Are you claming that Anabolic pump, p-slin, recompadrol, glycobol, etc,etc. are all non beneficial in non-diabetics?

This really isn't even debatable; Metformin HCL is a clinically proven and FDA approved effective GDA... how many of the popular GDAs on the market today can make that kind of claim?

BEAST
The only reason that Metformin would be beneficial to non-diabetics in a bb context is if it had a nutrient partitioning effect to lean tissue. I have not seen any credible claims that confirm this which why I was asking you.

A uniform reduction in insulin sensitivity in non-diabetic individuals is not a benefit because, if say, 100g of carbs are ingested, then 100g will still be taken up by the same cells. If you are not exceeding the capacity of your insulin function then there is no advantage to increasing your sensitivity to 'supraphysiological levels' because baseline blood glucose levels are non-zero.

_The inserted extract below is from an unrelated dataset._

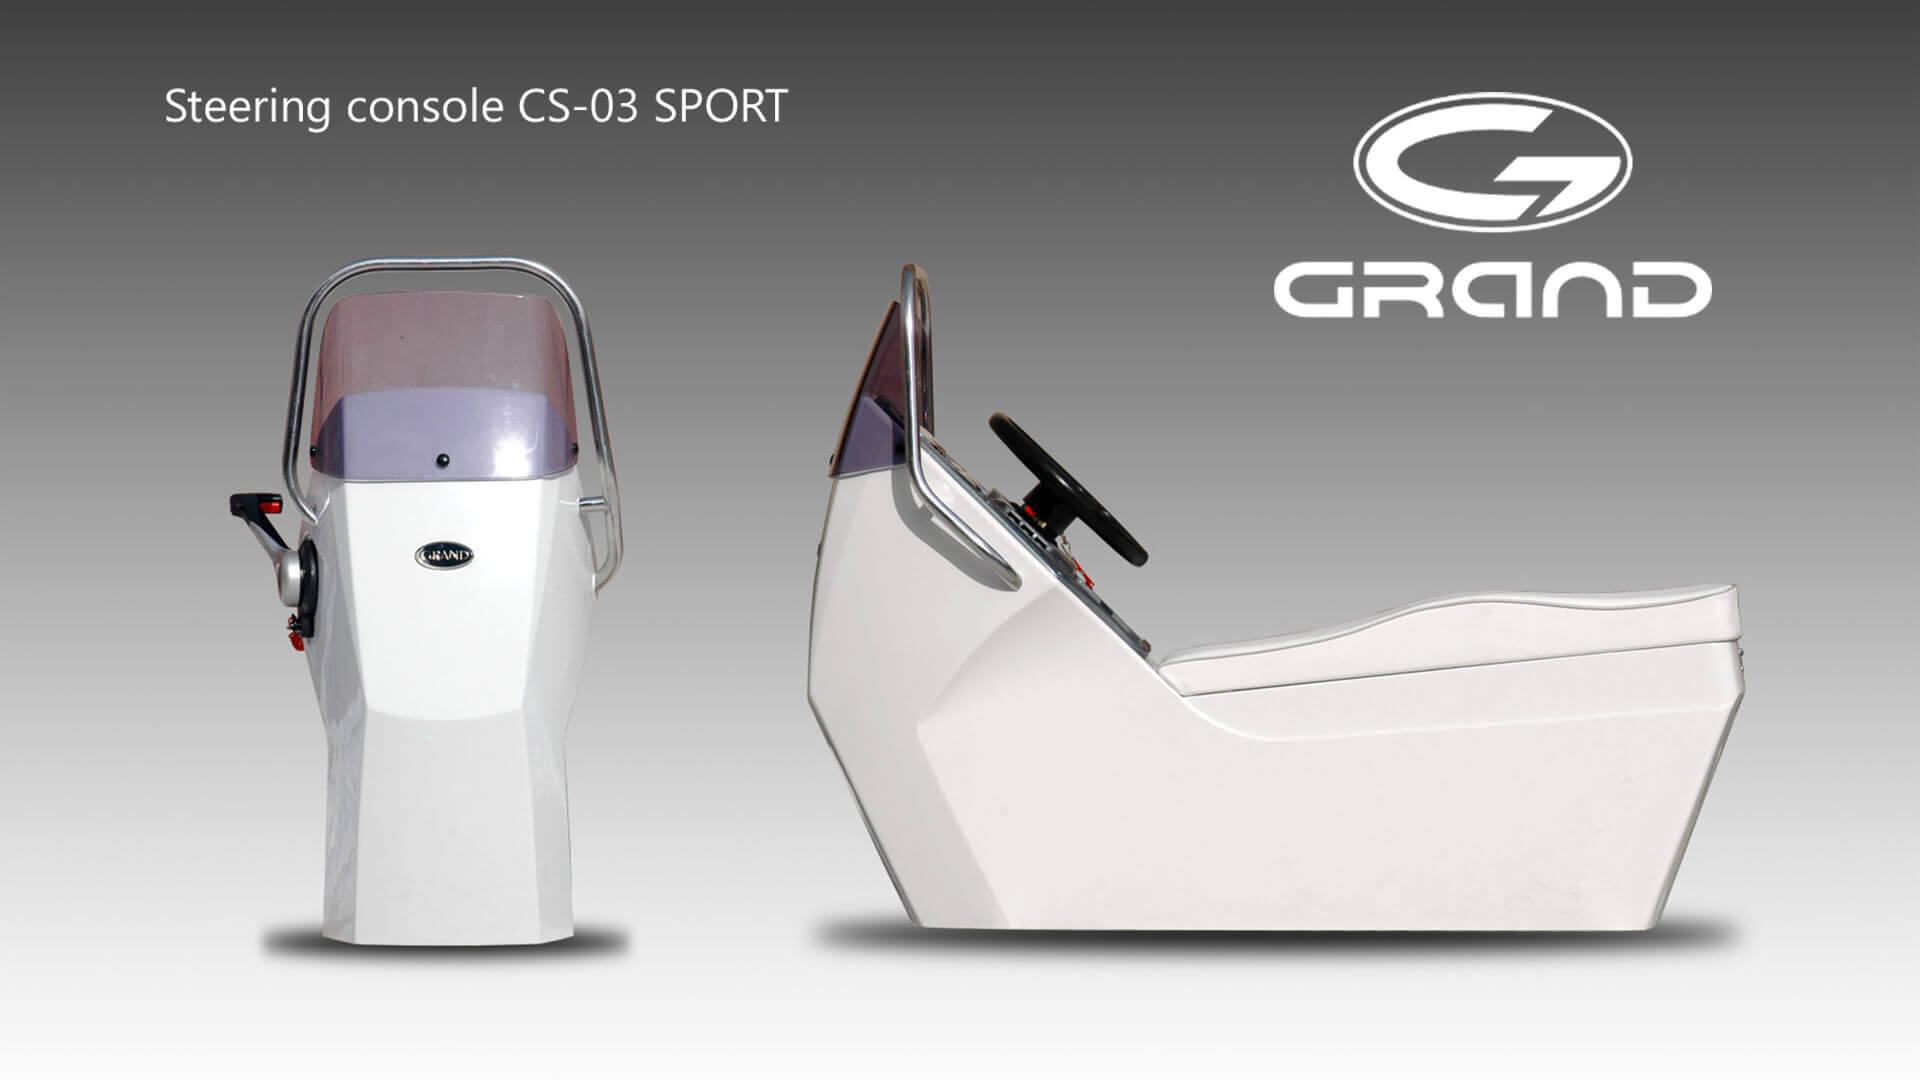 Надувная лодка с жестким дном GRAND Silver Line S420NS, Надувная лодка GRAND Silver Line S420NS, GRAND Silver Line S420NS, GRAND Silver Line S420NSF, GRAND S420NS, GRAND S420NSF, GRAND S420, Надувная лодка GRAND, Надувная лодка ГРАНД, Надувная лодка с жестким дном, RIB, Rigid Inflatable Boats, CS-03, рулевая консоль, CS03, рулевая консоль
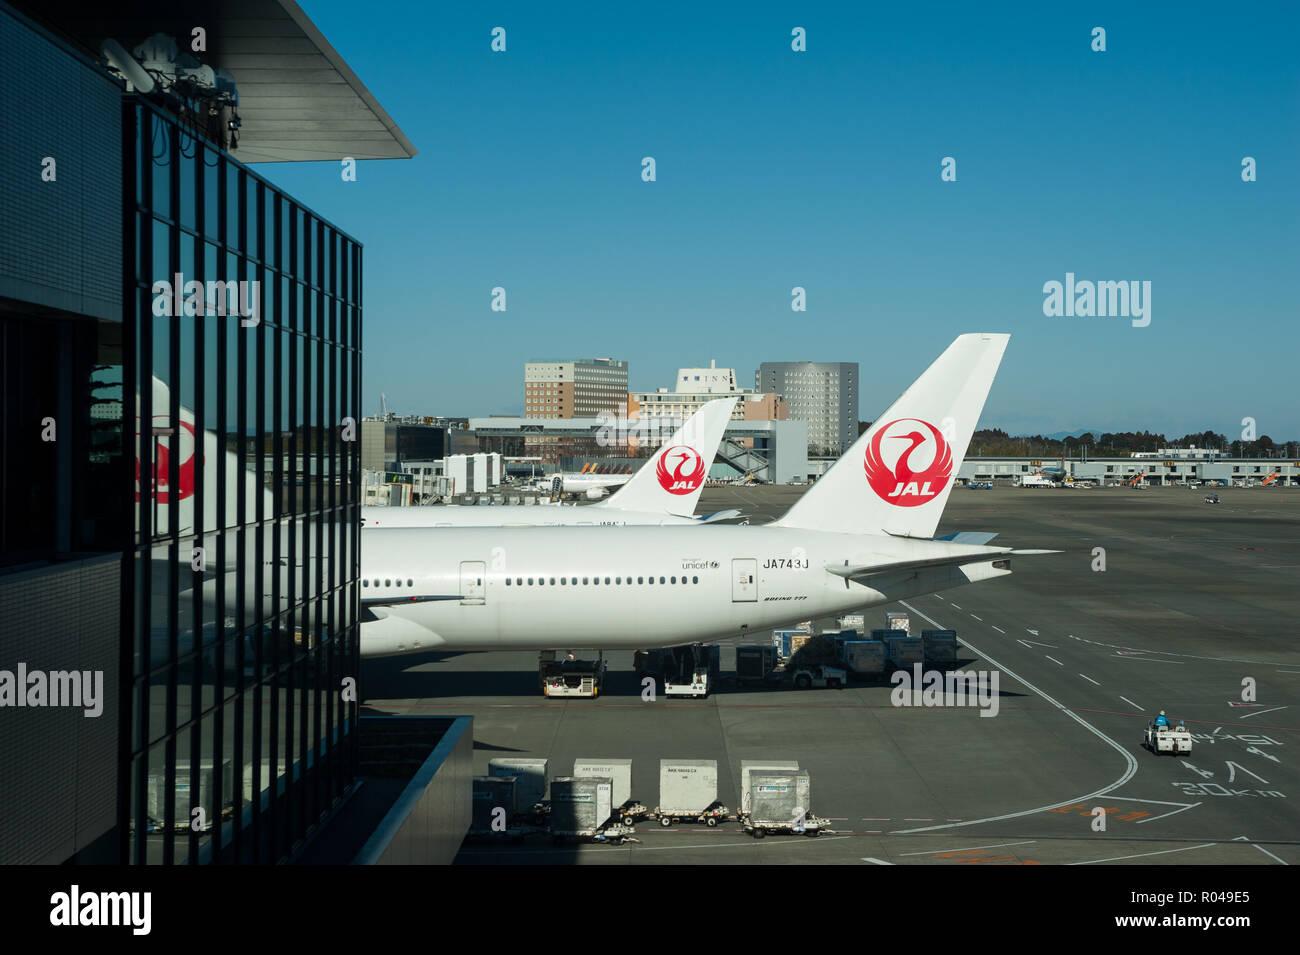 Tokyo, Japan, Japan Airlines passenger aircraft at Narita Airport - Stock Image

Like all medications, Metformin also has its downsides. Even though most descriptions say there is little risk of hypoglycemia, IMO this is relative to taking too much insulin or 'stronger' oral treatments. I was on Metformin for about 2 years and I found that it could lower my blood glucose to about 20% below baseline with low-moderate activity. This is enough to up-regulate catabolism.

In short, I don't think there are enough pros for non-diabetics.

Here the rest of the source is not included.